A citizen walks in heavy rain near the Bank of England in May 2023.
Dan Kitwood | Getty Images News | Getty Images
LONDON – The British economy grew 0.1% in the first quarter after an unexpected contraction in March, official figures showed on Friday.
Economists polled by Reuters had forecast the same growth figures for the first three months of the year but expected stagnation in March while a 0.3% decline was recorded.
Construction grew 0.7%, while manufacturing output rose 0.5% in the first quarter, with services and manufacturing posting growth of 0.1%. On a monthly basis, services fell 0.5% in March, mainly due to declines in wholesale, retail and auto repairs.
The national statistics agency said there was no increase in real household spending as incomes remained under pressure from higher prices.
“I think the UK is back and these are numbers that no one would have predicted three months ago,” UK Treasury Secretary Jeremy Hunt told CNBC at a G-7 summit in Niigata, Japan.

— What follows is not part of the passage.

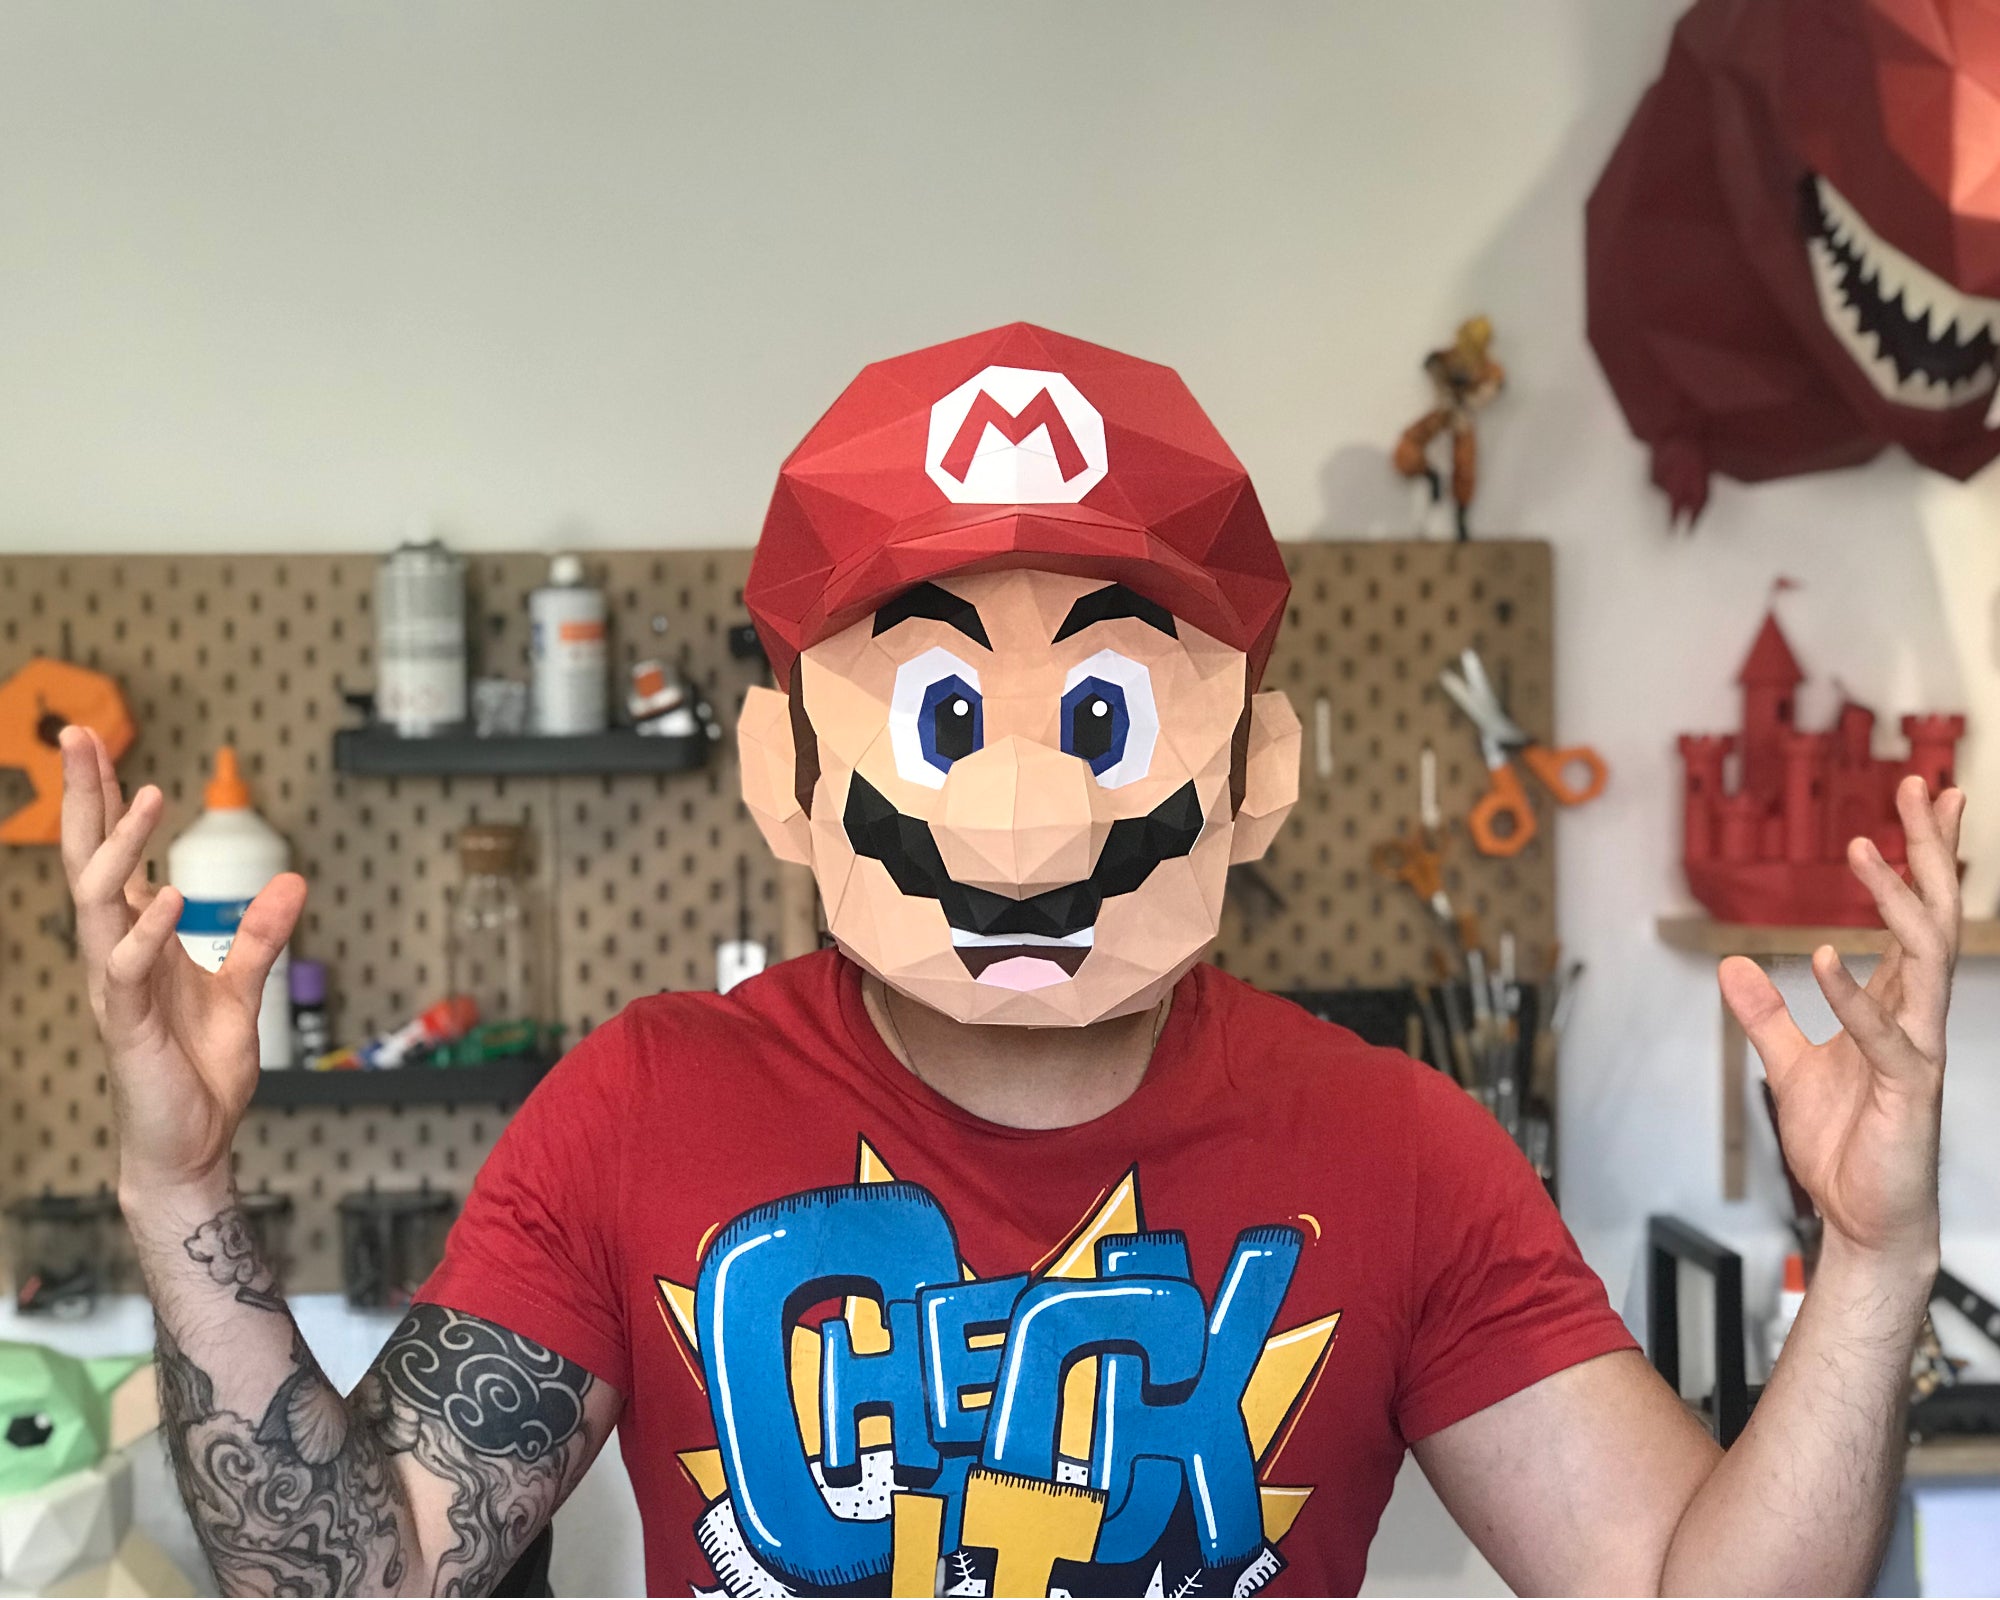 Patrons Masque Super Mario (pdf)

“But I think we are aware that there is still a long way to go. We still have inflation that is too high, growth is still not as high as we would like, and when I speak to my fellow finance ministers, we are all.” We are talking about the same thing: labor supply, productivity, as we are ours increase long-term growth rates so we can pay for the increasing number of things that taxpayers are asking governments to do,” Hunt continued.
Ruth Gregory, deputy chief UK economist at Capital Economics, said in a note that the quarterly figures “suggest that low real incomes and high interest rates, together with unusually wet weather, are dampening activity”, also citing widespread strike action this year . She estimated that this was declining in government consumption and net trade made for “dark reading”.
““There’s still no recession, but with the full impact of higher interest rates still being felt, it’s too early to sound the all-clear,” Gregory added.
Sustained inflation
UK growth has been subdued so far this year, coming in at 0.4% in January and flat in February after the economy narrowly avoided a technical recession in 2022.
Inflation continues to hurt the UK more than other major economies, with the reading still above 10% in March.
The Bank of England hiked interest rates 25 basis points to 4.5% on Thursday, the 12th straight hike to counter persistently high prices. Even more optimistic was the central bank’s statement that it no longer expects the UK to fall into recession this year, despite previously forecasting the longest recession on record.
The Bank of England now forecasts UK GDP to be flat in the first half of this year, growing by 0.9% by mid-2024 and by 0.7% by mid-2025.
“It could be the biggest update we’ve ever made,” BoE Governor Andrew Bailey told CNBC on Thursday, defending the revision as the result of a changing picture from conditional data including financial markets, commodity prices and government policies.
“The level is still pretty low though, let’s be honest,” Bailey added.
The euro zone grew by just 0.1% in the first quarter of the year, while Germany – the Union’s largest economy – stagnated.